--- AIM OF THE EXERCISE ---
In the listing below, locate the line with "Winter Madness Anti Jacket jetzt kaufen" and the line with "ロッシモイストエイド スキンコンディショナー 馬油&ハトムギ", then output both and everything between them exactly, minus any pictures.

--- DATA UNDER STUDY ---
--------------------------------------------------
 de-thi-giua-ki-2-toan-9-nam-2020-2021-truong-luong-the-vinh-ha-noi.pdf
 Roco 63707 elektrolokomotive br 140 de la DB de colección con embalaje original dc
--------------------------------------------------
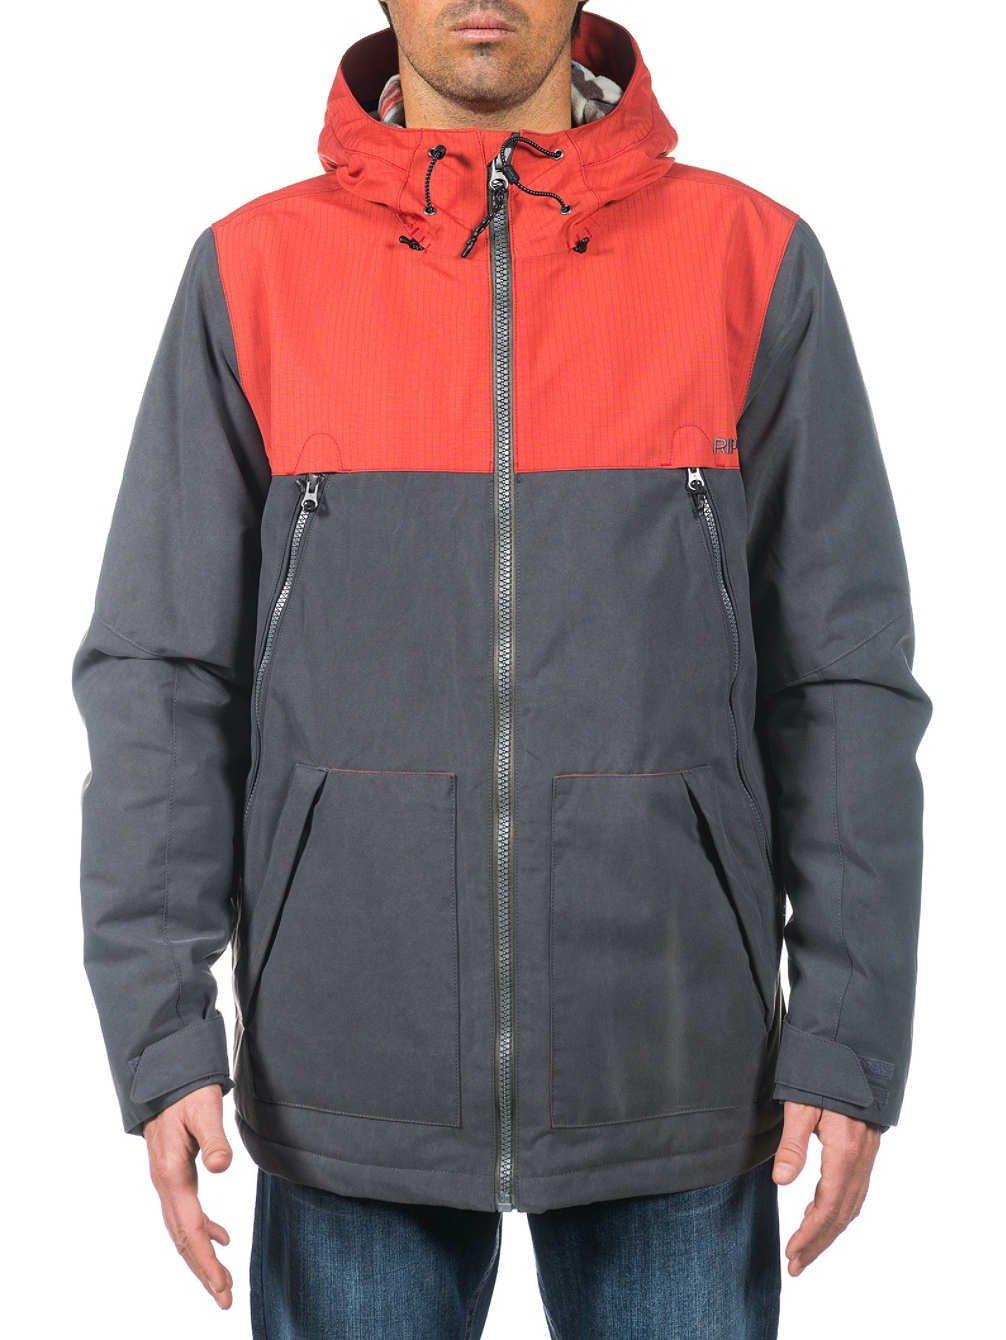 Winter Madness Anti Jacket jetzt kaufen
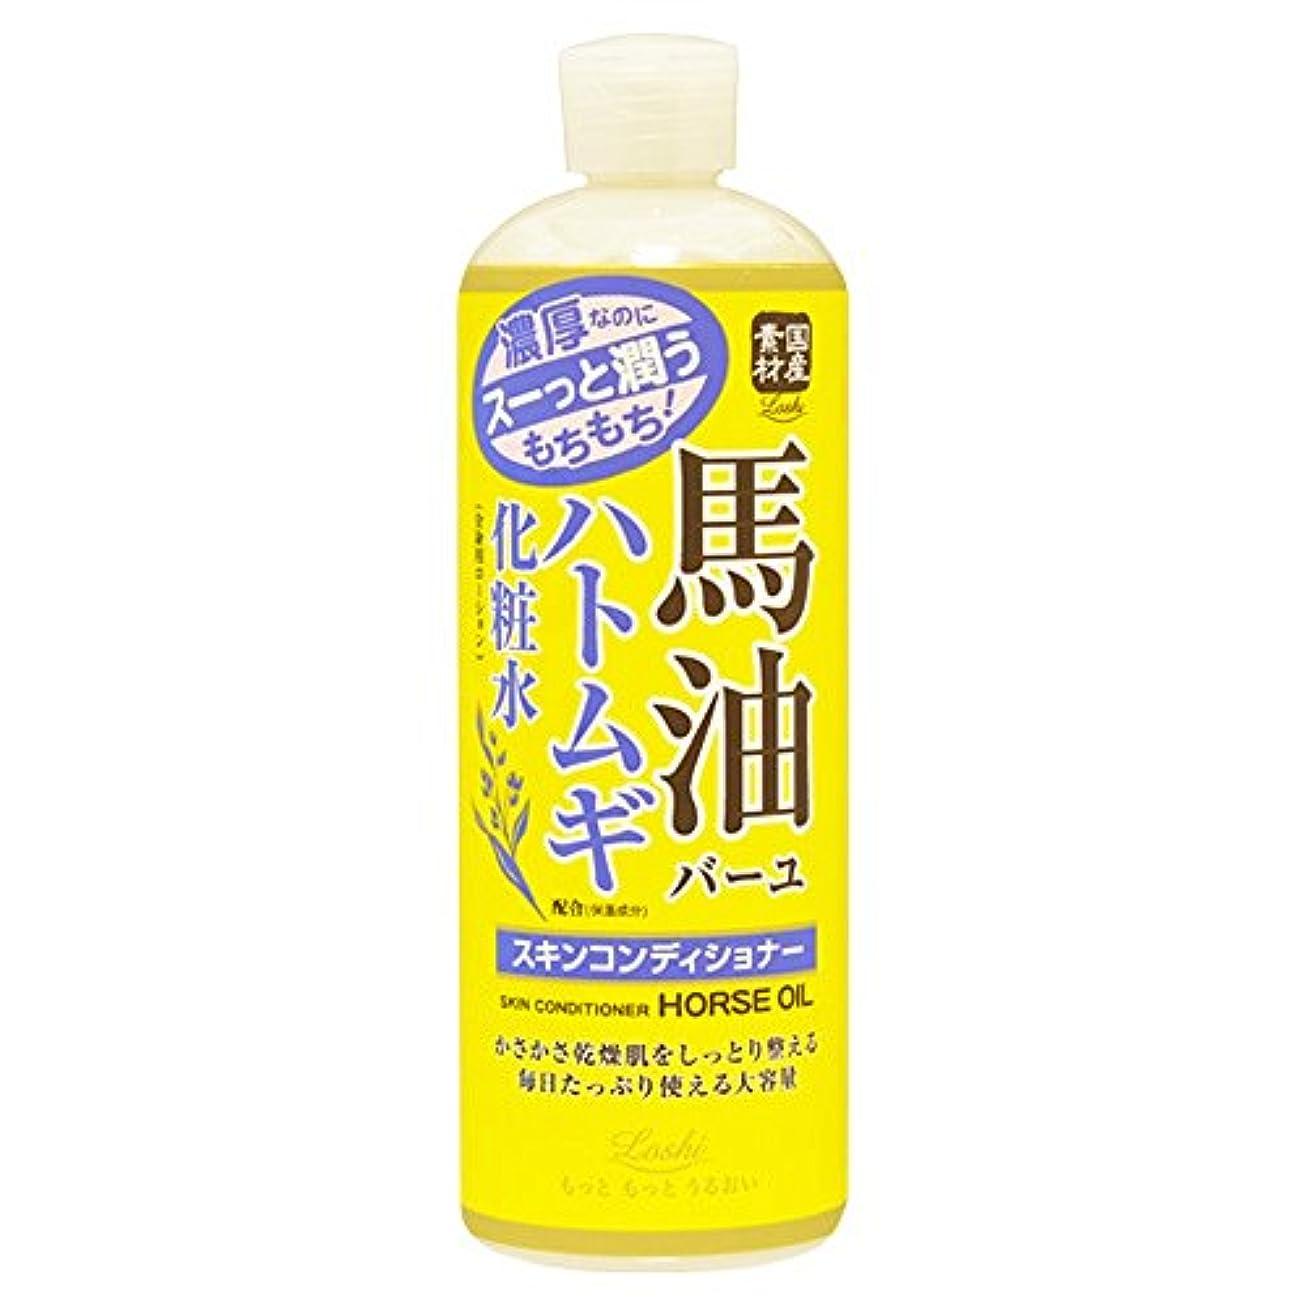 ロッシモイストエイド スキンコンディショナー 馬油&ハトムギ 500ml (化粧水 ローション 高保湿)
--------------------------------------------------
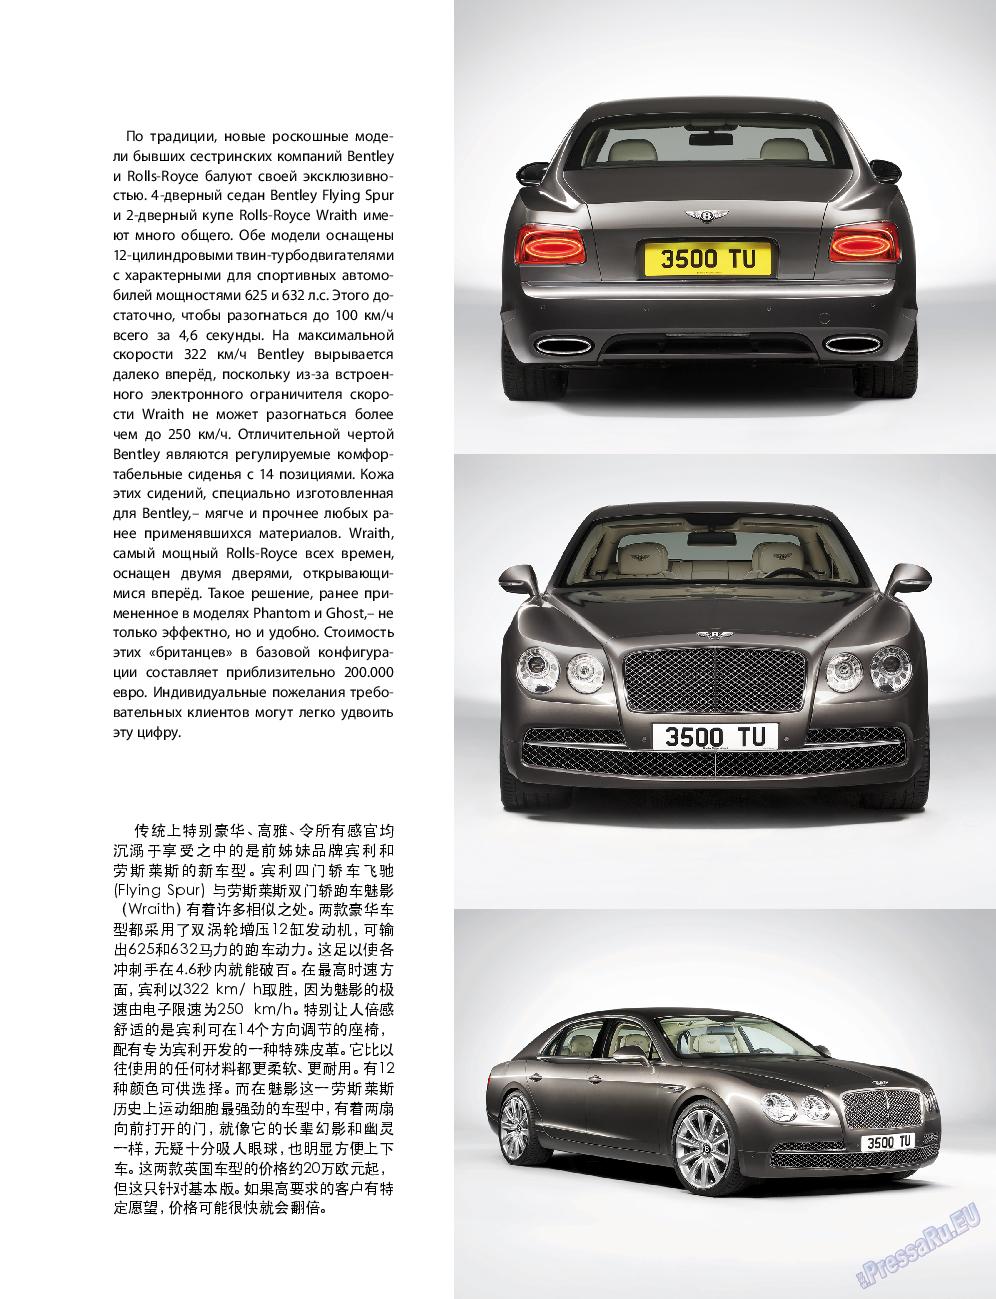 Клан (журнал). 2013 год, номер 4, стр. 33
--------------------------------------------------
--- WORKED SOLUTION ---
 Winter Madness Anti Jacket jetzt kaufen
 ロッシモイストエイド スキンコンディショナー 馬油&ハトムギ 500ml (化粧水 ローション 高保湿)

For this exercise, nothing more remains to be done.